In the aftermath of this government’s first King’s Speech in July 2024, Labour suspended the whip from seven of its MPs: Apsana Begum, John McDonnell, Richard Burgon, Rebecca Long-Bailey, Zarah Sultana, Ian Byrne and Imran Hussain. This group was charged with voting – against the Labour whip – for an SNP amendment which called for the removal of the two-child benefit cap. This policy, designed by George Osborne and introduced by the government in 2017, limits the number of children for whom a family can claim financial support. According to data from the Resolution Foundation, 470,000 children would be lifted out of poverty if the cap was removed.
Nine months later, the government has all but confirmed it is about to stage a U-turn. Reporting over the weekend suggested that Keir Starmer is convinced that the cap should be removed with the government hoping to unveil this decision in its upcoming Child Poverty Strategy, which has been delayed until the autumn (it was originally intended for publication in the spring). Doing the broadcast round on Tuesday morning, Bridget Phillipson confirmed that lifting the cap is “something we’re considering”. This follows Starmer’s recent announcement that the government would retract its decision to cut the winter fuel payment for more than nine million pensioners, a policy that did a lot of damage in this year’s local elections. For the seven MPs who voted to remove the cap, this is a vindication.

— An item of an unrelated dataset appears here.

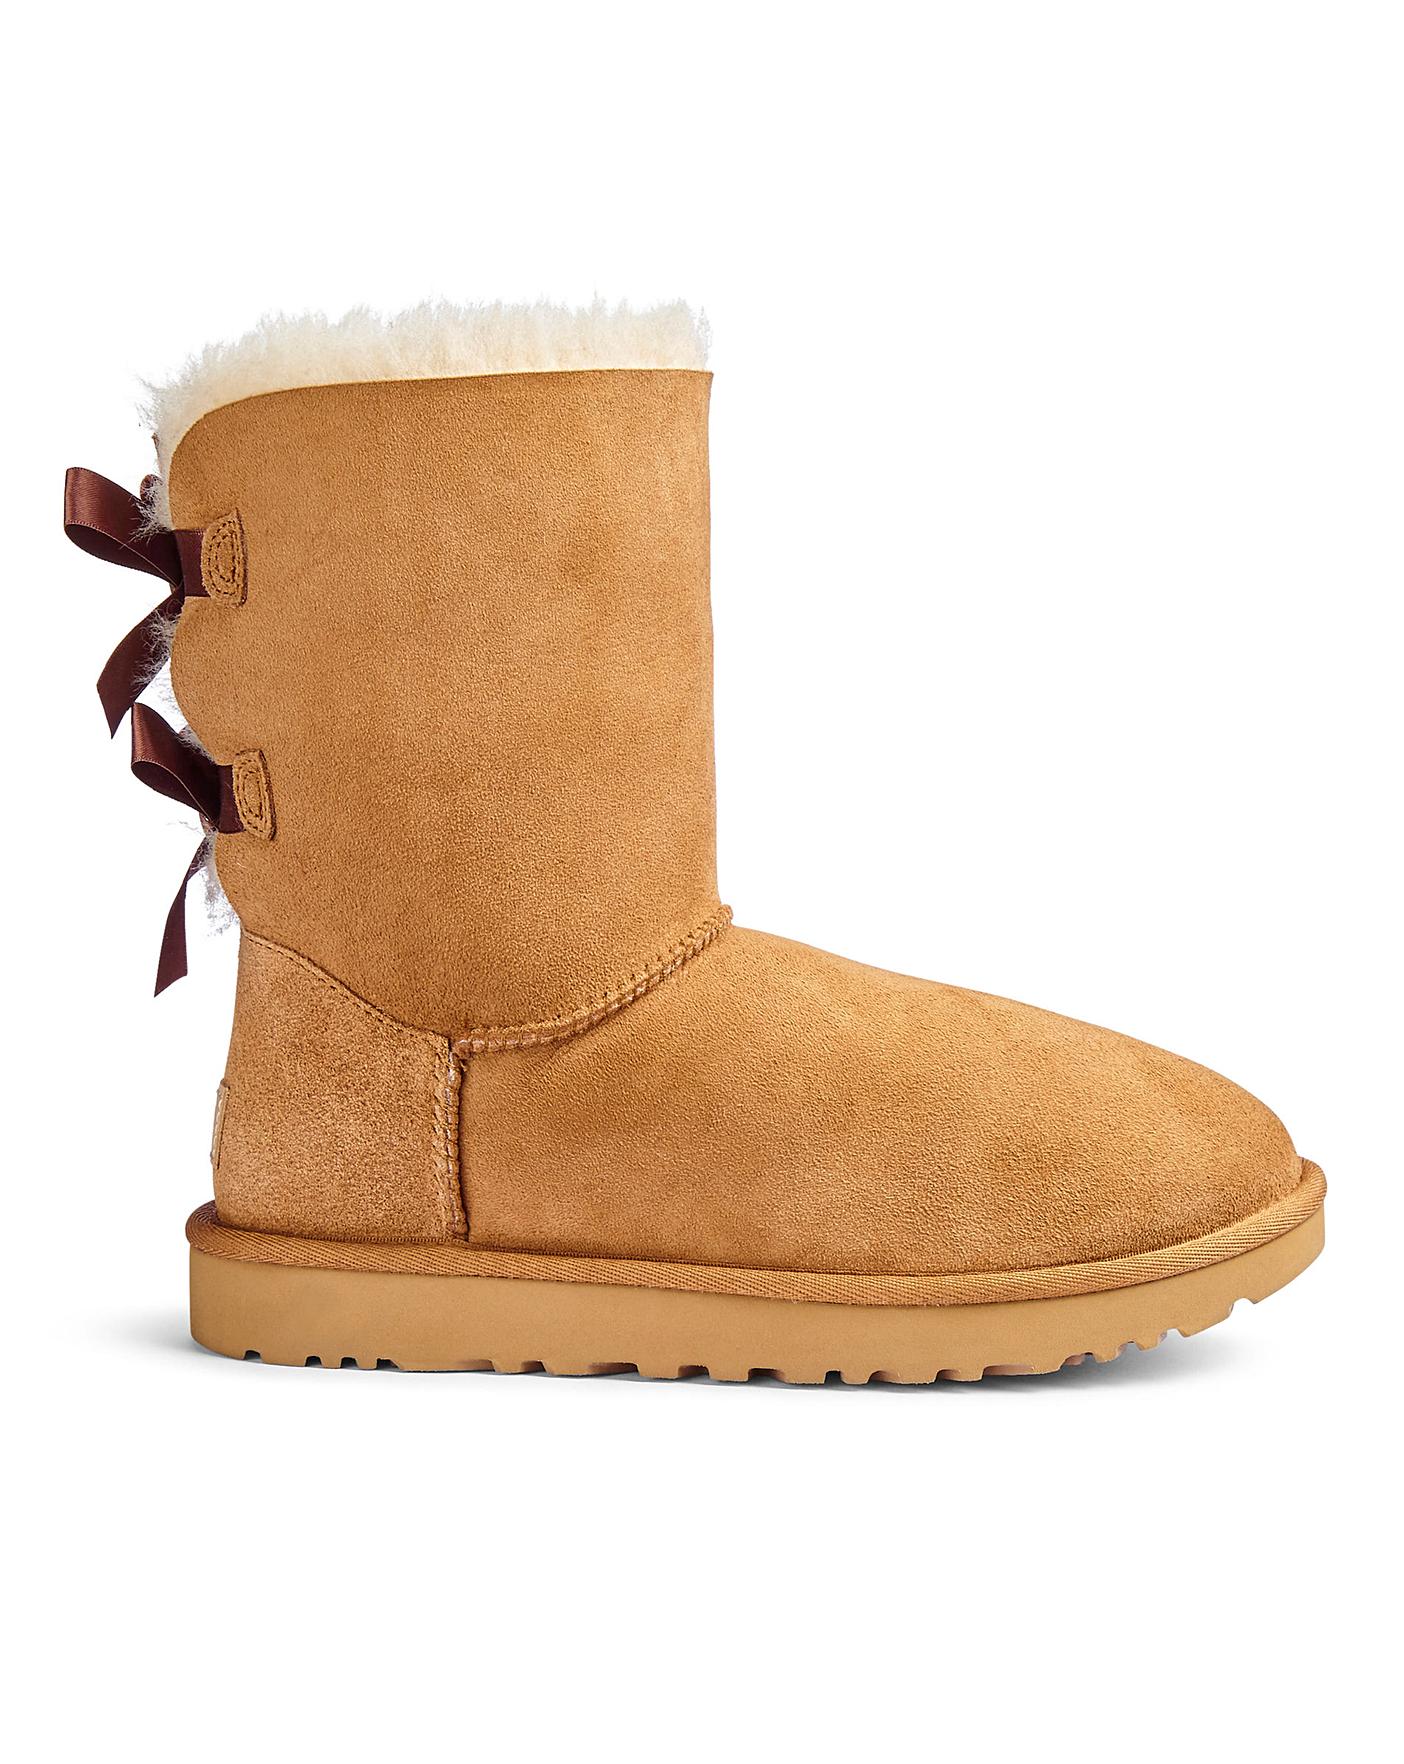 Treat Mom to These Sweet UGG Bailey Bow II Boots

“I think it’s pretty poor form,” said Byrne when we spoke over the phone. “You’ve got people who actually voted on a point of principle for constituents [who were suspended], then there’s been a realisation that they were actually doing the right thing, and the government follows on almost 12 months later,” he said. Byrne, along with three of the seven (Long-Bailey, Burgon and Hussain), had the whip restored in February this year. Sultana, McDonnell and Begum remain independent.
Byrne, who has not spoken to the government about its impending decision, thinks that if a U-turn is on the cards, the three remaining MPs should have the whip reinstated. “They should have listened to us from the get-go. There’s still MPs who’ve lost the whip who are important to the Labour movement and represent huge swathes of the Labour movement. I think it’s really important that they’re given that back,” he said.
McDonnell has already seen the opportunity in this moment. Writing for the Guardian, the former shadow chancellor accused Starmer’s government of “callousness and incompetency” and said that the removal of the whip from himself and six other colleagues for voting against the two-child benefit cap “showed a remarkable combination of arrogance and lack of judgement”. He called on MPs to “stand up and take back control of Labour”.
The optics are clearly not great. And as the Labour leadership moves rightward to – as Starmer told a meeting of the PLP last week – take on the party’s “main rivals for power”, Reform, they remain exposed on the left. (Although Farage, this week, shifted his party leftward, telling a press conference on Tuesday 27 May that Reform would remove the two-child benefit cap.) Byrne thinks this rightward move from the Labour leadership is a mistake. “We cannot be outflanked by Nigel Farage,” he said. “There seems to be an obsession with people around the leader with focus groups.” To Byrne, where the party’s focus must really lie is on issues such as alleviating child poverty, “things that George Osborne did, and the damage it did to our constituencies, in working class areas, that needs to be tacked – not a fixation on focus groups”.
Rumours of a new leftward alliance have already been swirling; there have been suggestions that this could be driven by the former Labour leader Jeremy Corbyn (who was suspended from the party by Starmer in 2020) or even a member of the still suspended three (such as Zarah Sultana). But nothing material has happened yet. Two questions remain, however: will Starmer’s Labour readmit McDonnell, Sultana and Begum? And if the offer is on the table for the three remaining rebels, how likely are they to say yes?